The thinker who crafted designs for societal culture change
- sciart0
- Apr 21
- 1 min read
Excerpt: "Christopher Rufo is perhaps the most potent conservative activist in the U.S. Last year, he led the campaign that pressured Harvard University into replacing Claudine Gay as its president. His crusades against critical race theory and DEI in higher education have shaped President Trump’s aggressive policies toward elite universities like Harvard, which the administration targeted this week with a $2.26 billion funding freeze.
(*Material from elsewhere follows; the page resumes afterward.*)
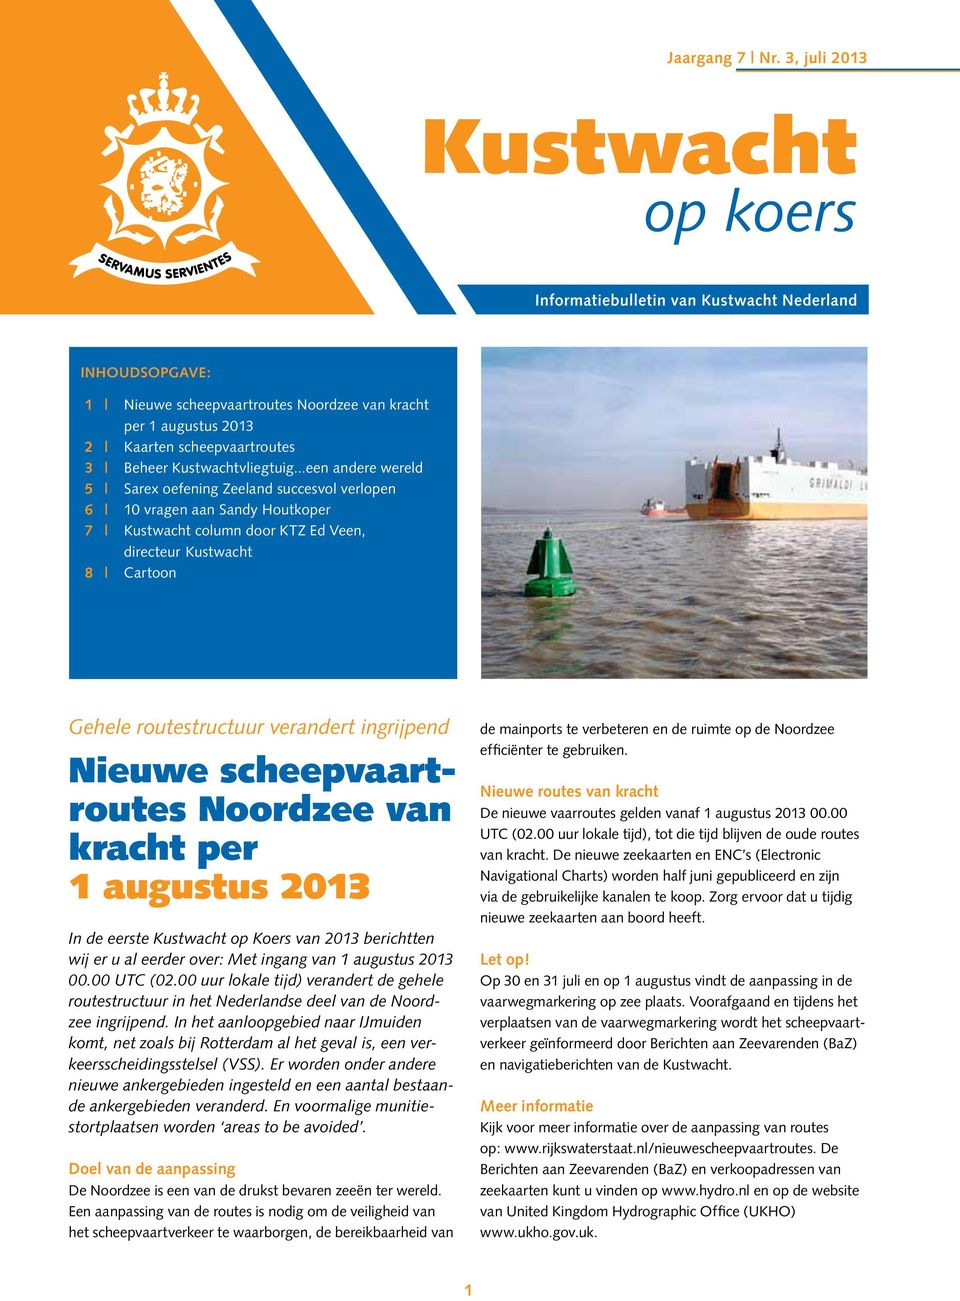 ingrijpend Nieuwe scheepvaartroutes Noordzee van kracht per 1 augustus 2013 In de eerste Kustwacht op Koers van 2013 berichtten wij er u al eerder over: Met ingang van 1 augustus 2013 00.00 UTC (02.

For the past year, Rufo has been working on a book called “How the Regime Rules,” which he describes as a “manifesto for the New Right.” At its core is a surprising inspiration: the Italian Communist thinker Antonio Gramsci, a longtime boogeyman of American conservatives. “Gramsci, in a sense, provides the diagram of how politics works and the relationship between all of the various component parts: intellectuals, institutions, laws, culture, folklore,” said Rufo, a senior fellow at the Manhattan Institute.
Gramsci died in 1937, but he can be seen as the godfather of today’s culture wars. A dedicated opponent of Italy’s fascist dictator Benito Mussolini, he spent most of his last decade in prison, where he developed a highly influential new way of thinking about politics that put culture, rather than economics, at the center of the class struggle.
In his “Prison Notebooks,” Gramsci reckoned with why so much of the Italian working class supported Mussolini’s far-right Fascist party, exactly the opposite of what Marxist economic theory predicted. He found the answer in what he called “cultural hegemony,” a form of power that convinced ordinary people to embrace ideas and policies they otherwise wouldn’t support."